There are a thousand things you can do for low back and hamstrings with limited equipment. Pullthroughs are great. Dimel deadlifts will make you sore like no tomorrow. This is one of my favorites. Back extensions with a blue band around the base. You will be on fire. I dont like to do stiff leg deadlifts or romanian deadlifts. Maybe every now and then but not often. Also try taking two blue bands or two green bands and doing band good mornings that way. Its rough. Band leg curls and pseudo glute ham raises are also an option. I like doing good mornings as and assistance exercise sometimes. I did it on tuesday. I did a pulling movement for ME and then did close stance good mornings for assistance for sets of 5. Also back extensions with a bar across your back and if you are really looking for some fun try it with a band and a bar. That might be crazy though. Be creative. Invent your own exercises if you have to.
Paul-
The width of your stance is really a personal preference. Some go really wide, some medium-wide, some not wide at all. No one really knows how wide you are by your feet “touching the rack” because many power racks are different. In most instances, one’s stance will be wider when performing box squats on DE day than it will be in competition. For me, however, my stance is roughly the same when box squatting and competing.
From what you described you should be fine.
To whoever-
I agree with Goldberg; once you get to a certain point, everything feels really heavy. Just keep pushing and don’t let your fears or discomfort stop you from making a lift.
Goldberg, how come you don’t like to do straight legged deadlifts or romanian dead lifts?
Also, how heavy do you work up to on dimel deadlifts?
Thanks Steve. The power racks at my school aren’t really that wide, maybe four feet.
The most ive used is 225 on dimels. I just dont like those movements.

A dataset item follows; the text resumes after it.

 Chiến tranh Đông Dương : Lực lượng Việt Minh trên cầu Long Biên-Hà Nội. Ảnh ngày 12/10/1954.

It feels too much like a regular deadlift to me.
OK, I’m planning to try suspended goodmornings on Monday. I don’t have a way to “suspend” the bar though, does it make a big difference If I do these off of pins instead? (just slap me if this is a stupid question haha)
Also, Goldberg just mentioned that he doesn’t do certain movements because they feel too much like a regular deadlift. I’m trying to figure out why we don’t want to do anything that feels like the “classical” lifts. I’ve been assuming that it was because more weight could be handled using special exercises. Maybe I missed something in the articles…will keep reading.
I do them off pins. Not the best way but it will work.
There arent any rules for feeling an exercise. i try to avoid deadlift movements too often to keep my CNS fresh. Too much deadlifting can have a negative effect on it.